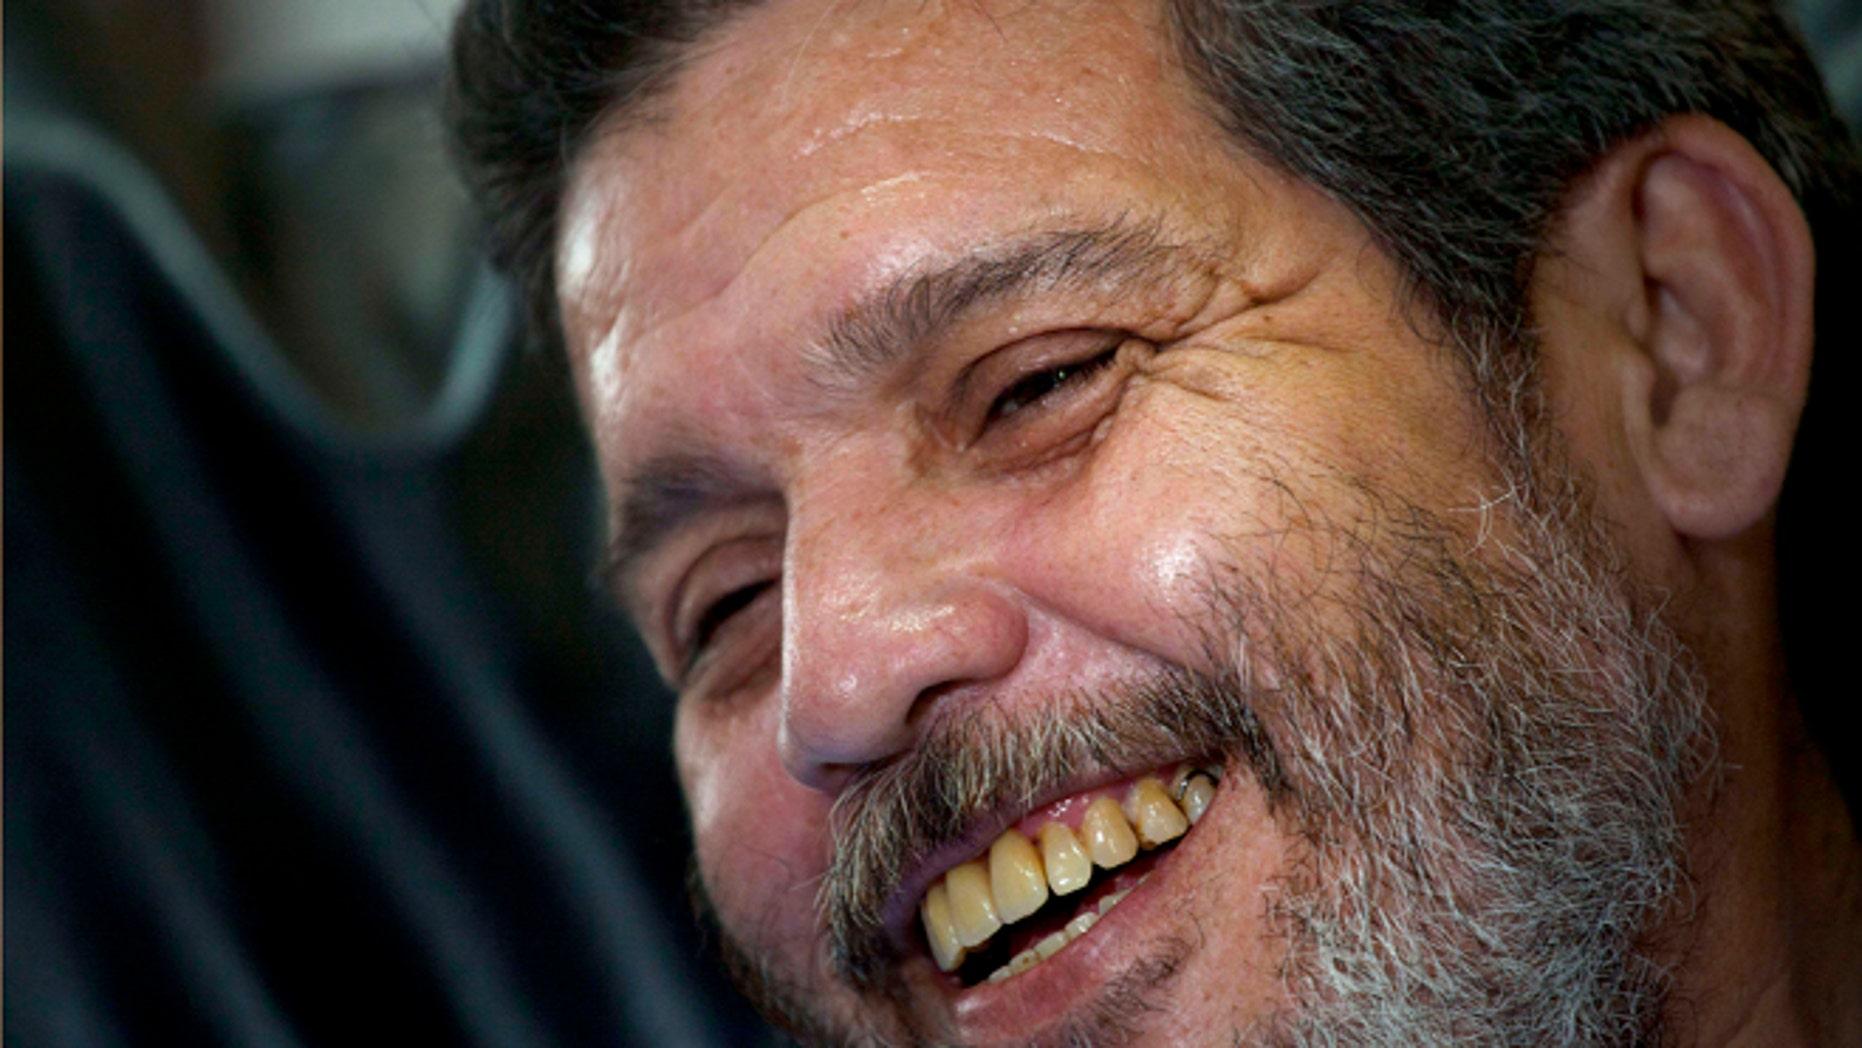 Marco Leon Calarca, spokesman and member of FARC smiles during an interview in Havana, Cuba, Friday, Sept 7, 2012. (AP Photo/Ramon Espinosa)
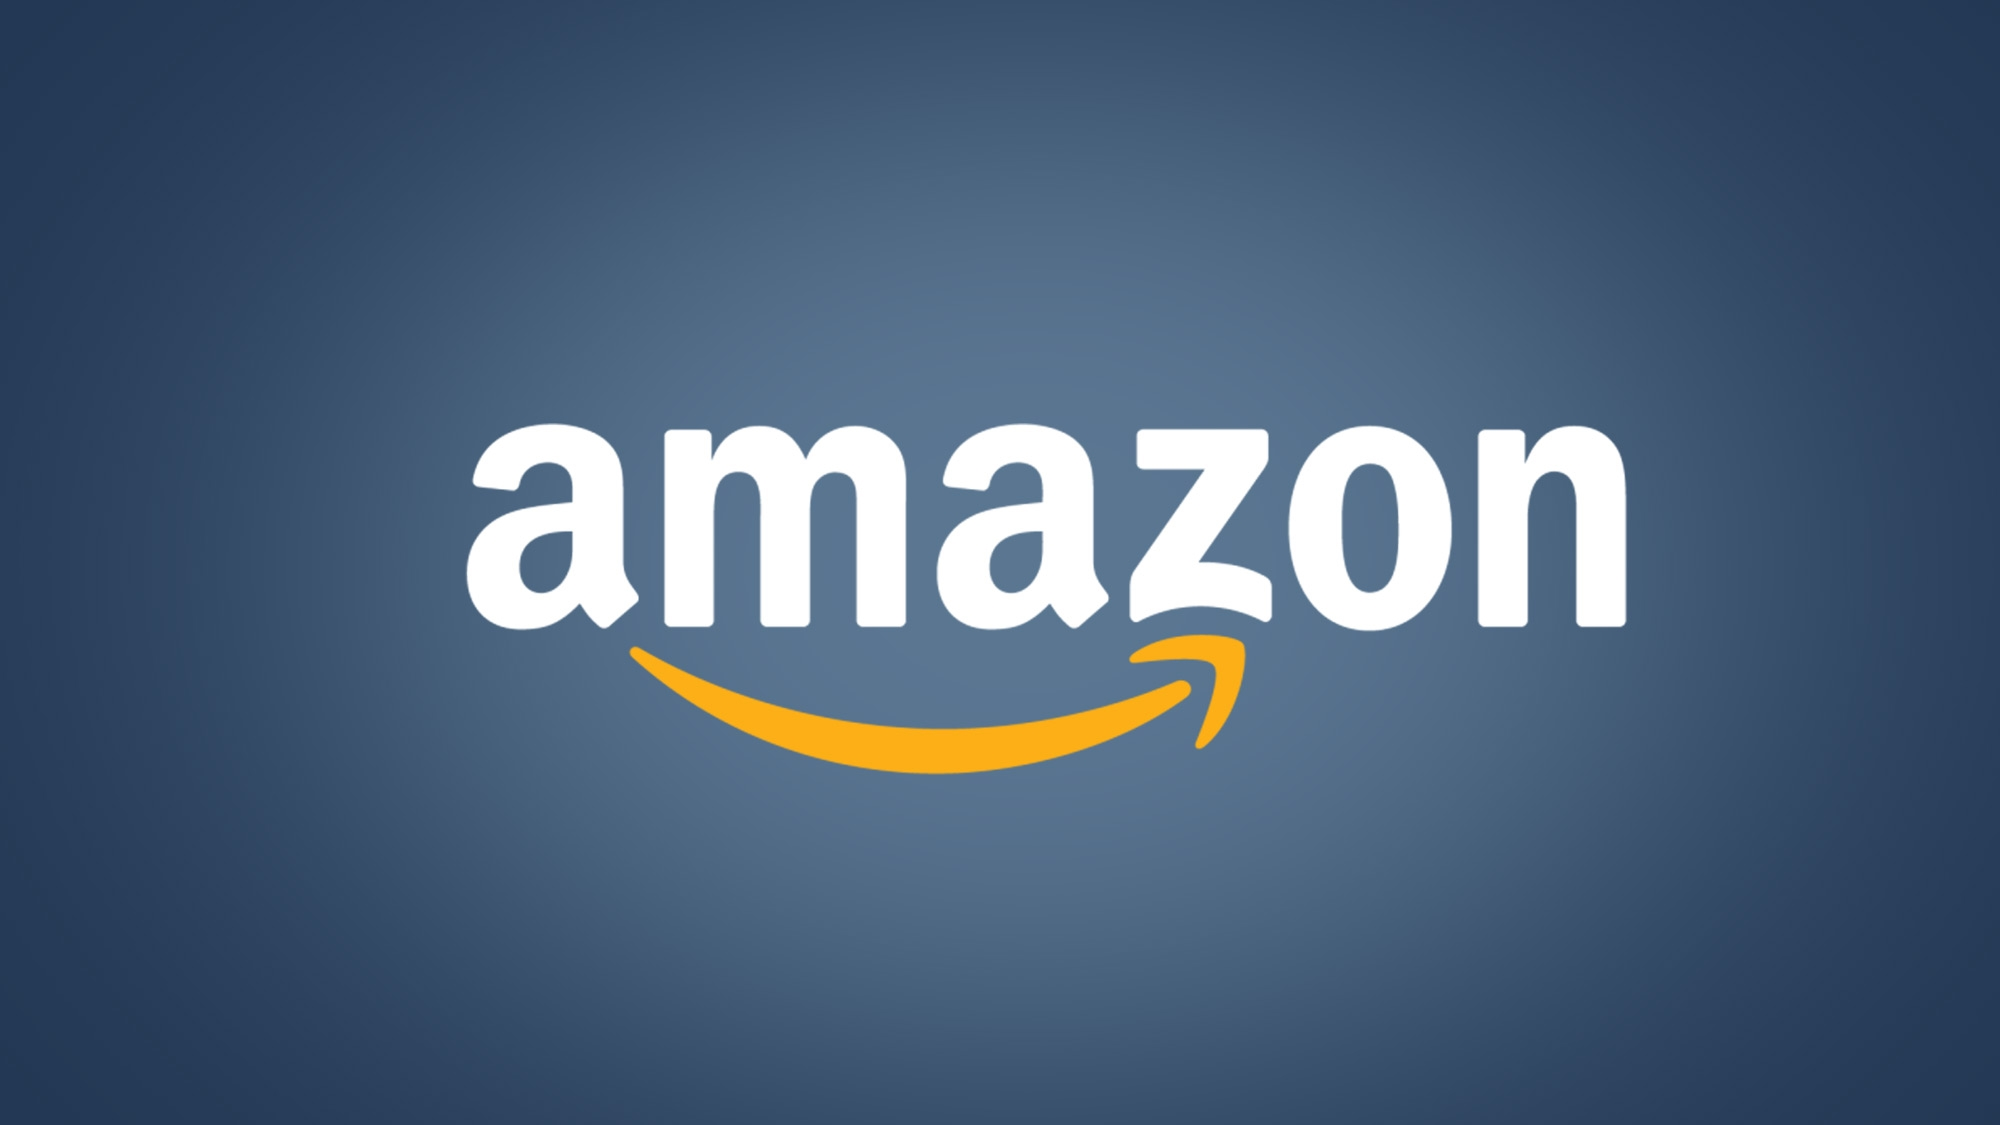 amazon logo empresa
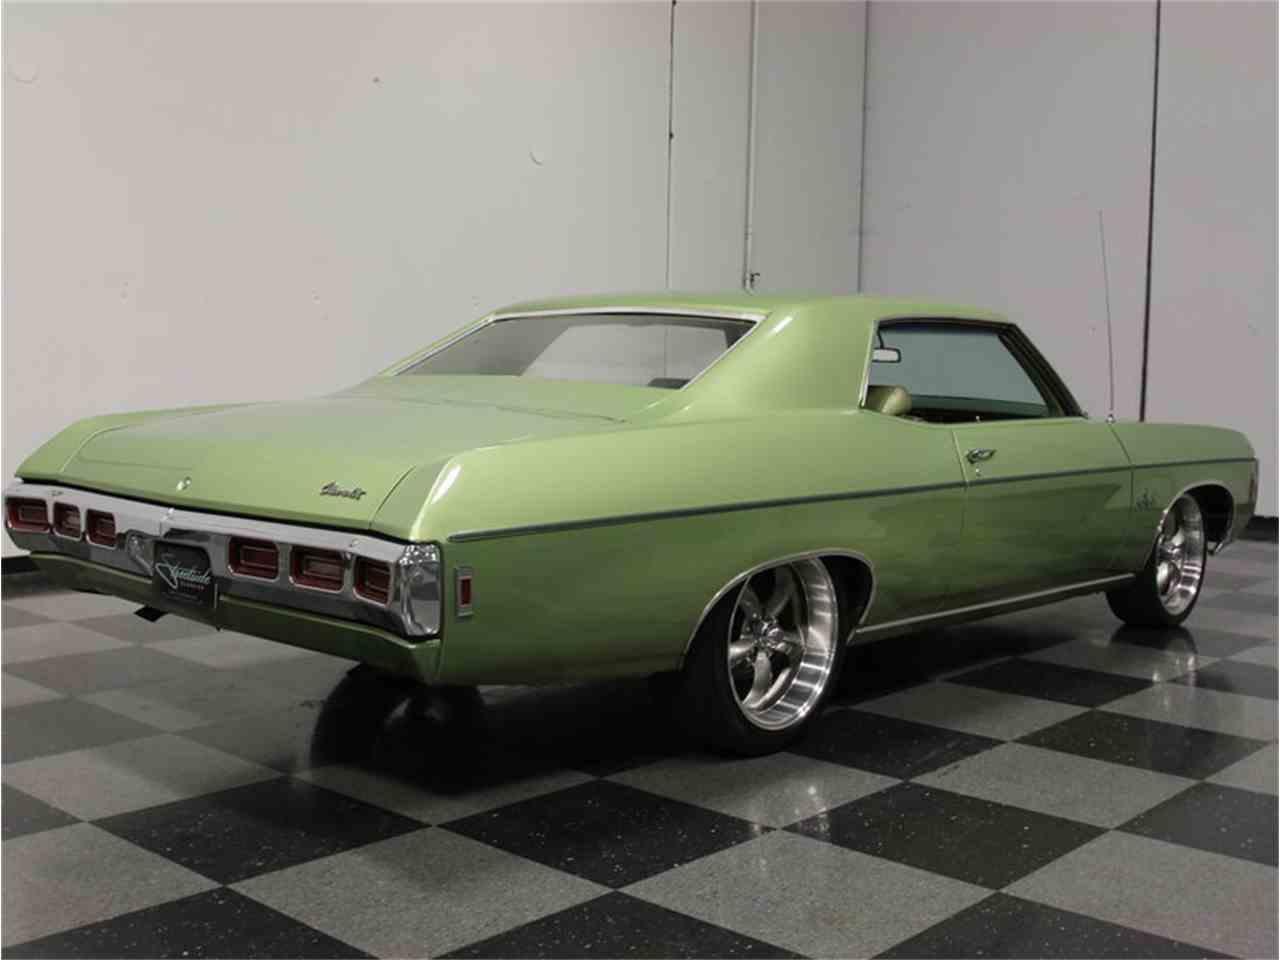 1969 chevrolet impala for sale cc 679515. Black Bedroom Furniture Sets. Home Design Ideas

+ + + +

> ASSIGNED TASK:
Print the material above verbatim except the pictures.

> EXERCISE ANSWER:
 Marco Leon Calarca, spokesman and member of FARC smiles during an interview in Havana, Cuba, Friday, Sept 7, 2012. (AP Photo/Ramon Espinosa)
 amazon logo empresa
 1969 chevrolet impala for sale cc 679515. Black Bedroom Furniture Sets. Home Design Ideas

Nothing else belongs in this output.